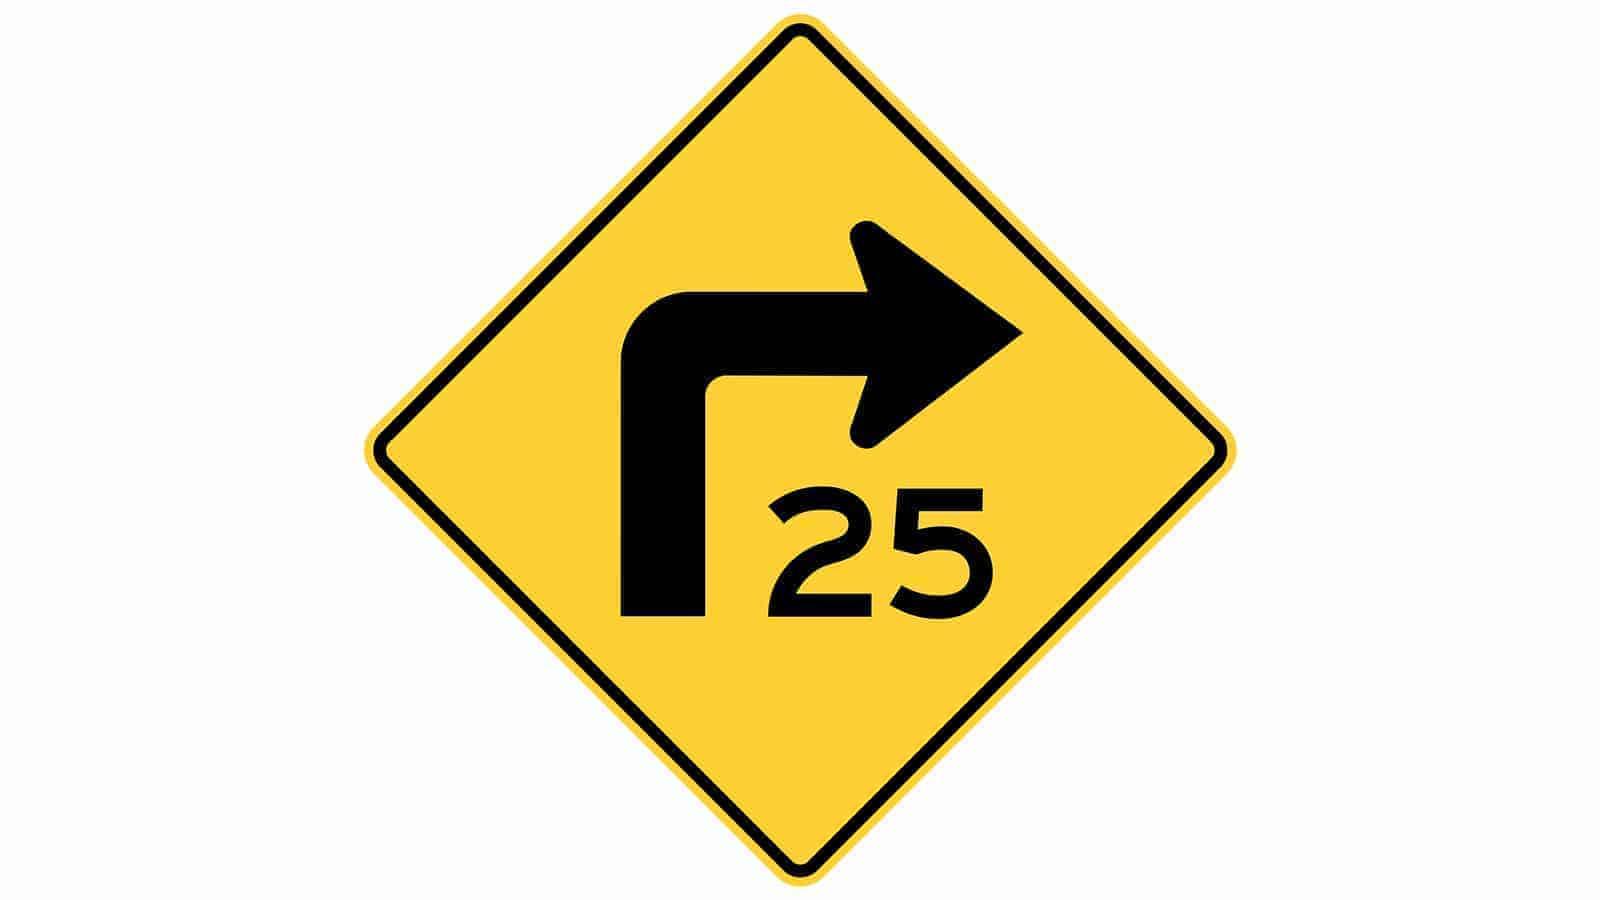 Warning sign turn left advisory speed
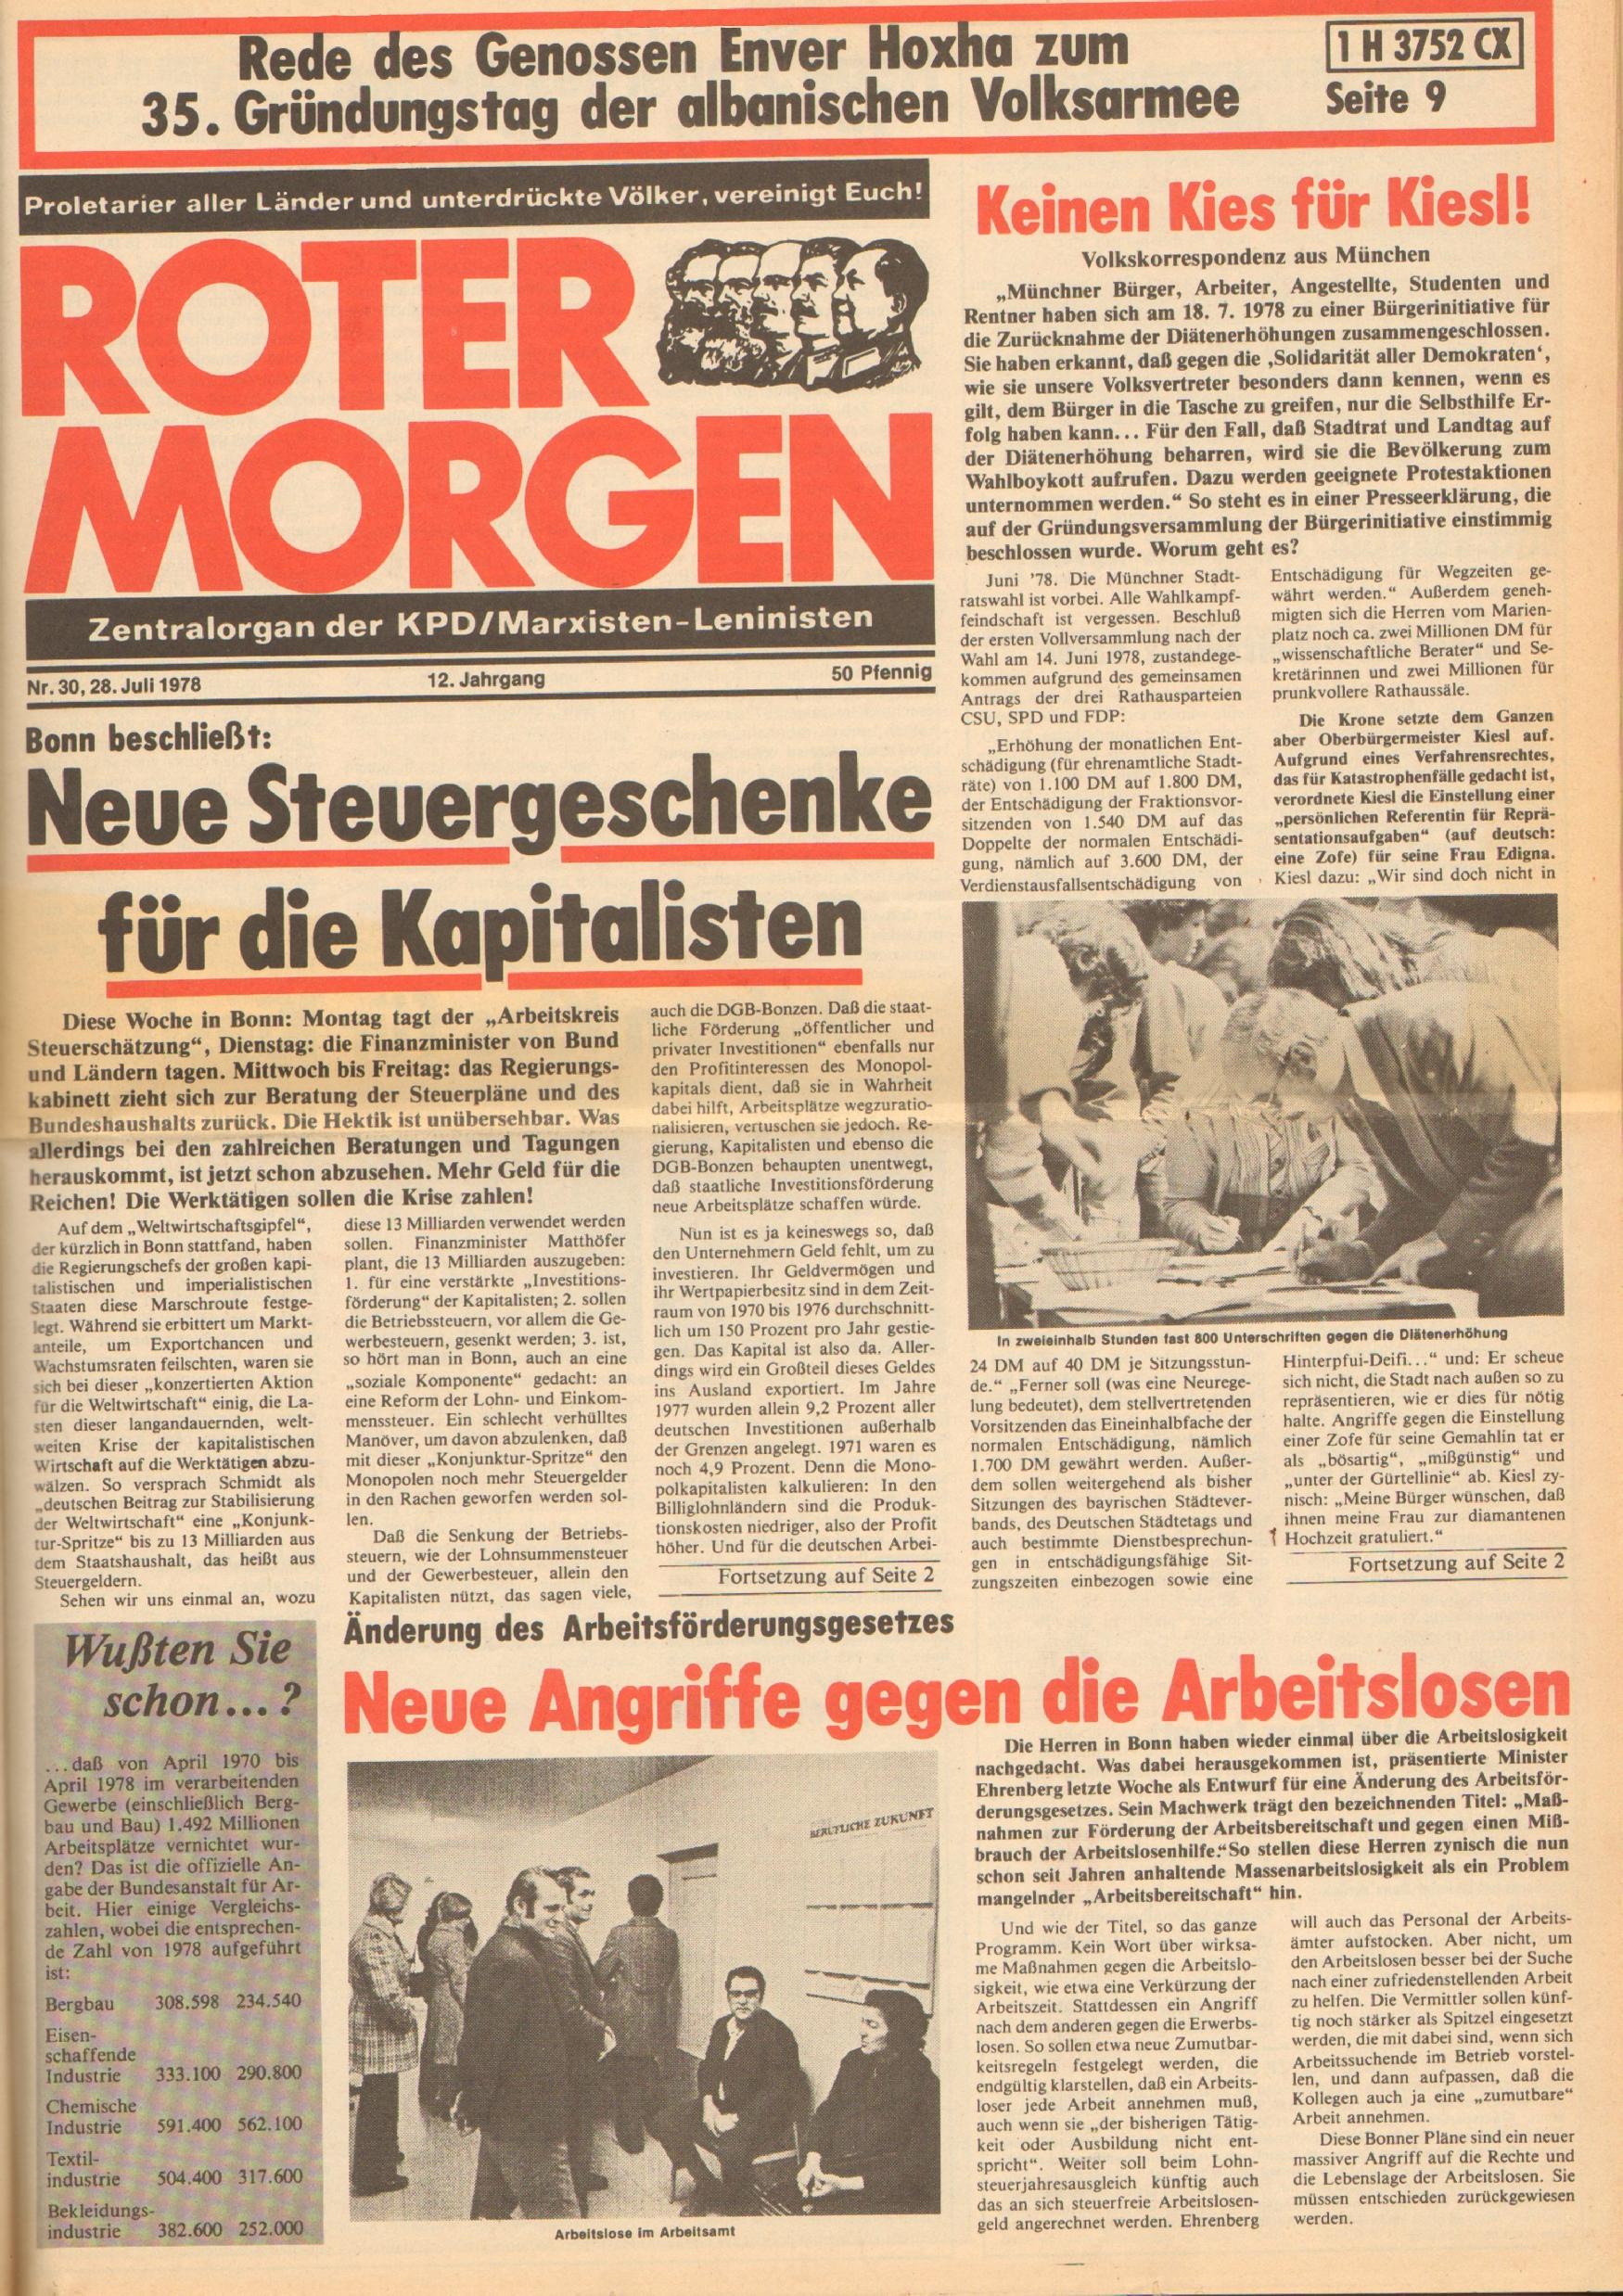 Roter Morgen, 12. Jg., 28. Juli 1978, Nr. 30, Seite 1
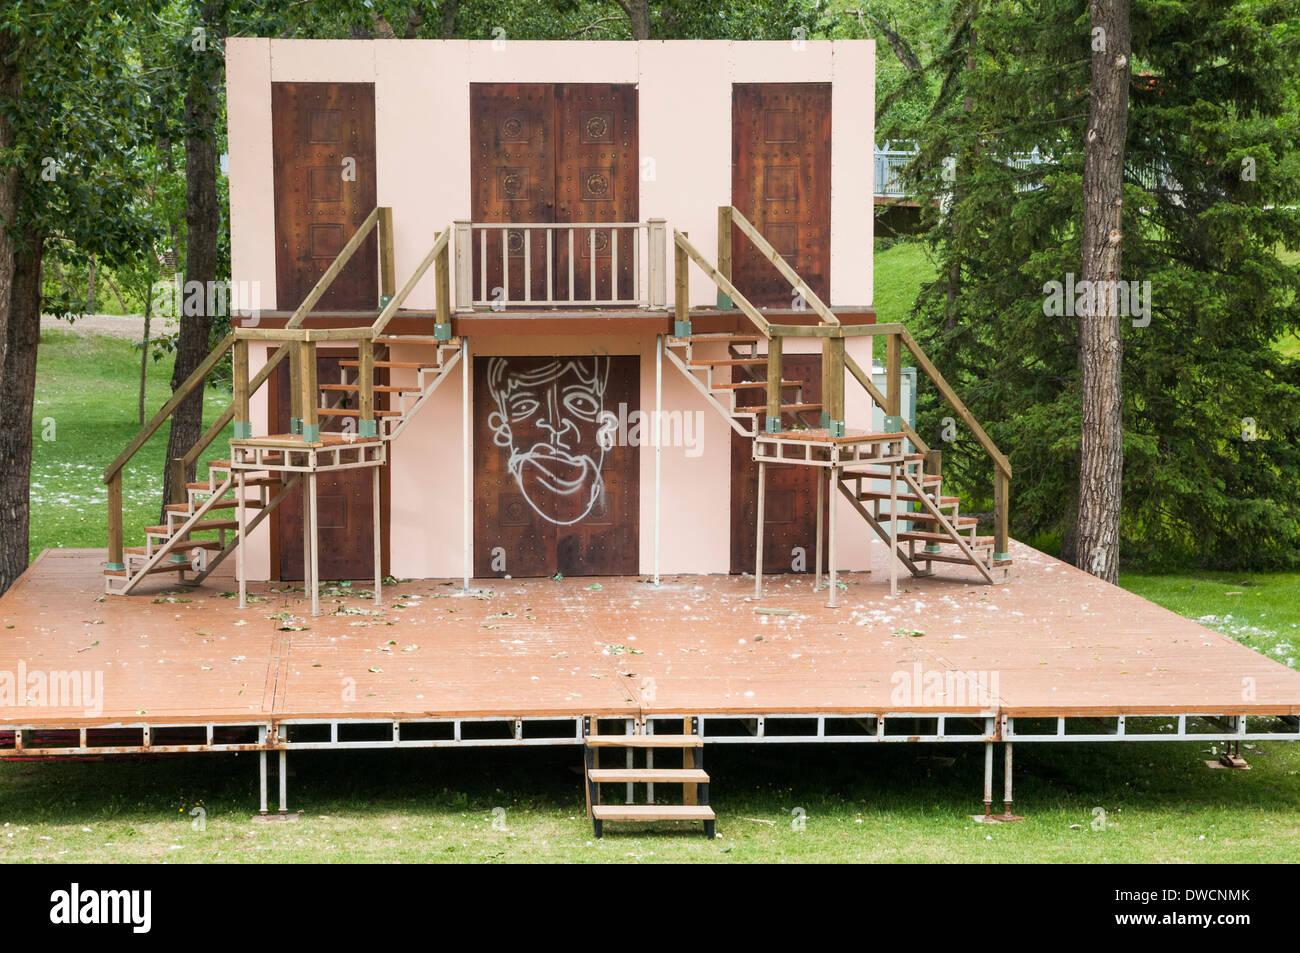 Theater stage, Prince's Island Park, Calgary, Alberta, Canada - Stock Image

REQUIREMENT: All that is needed is the lines from the line holding "Roter Morgen, 12." to the final line of the listing above, repeated exactly, pictures excluded.

ANSWER SECTION:
 Roter Morgen, 12. Jg., 28. Juli 1978, Nr. 30, Seite 1
 Theater stage, Prince's Island Park, Calgary, Alberta, Canada - Stock Image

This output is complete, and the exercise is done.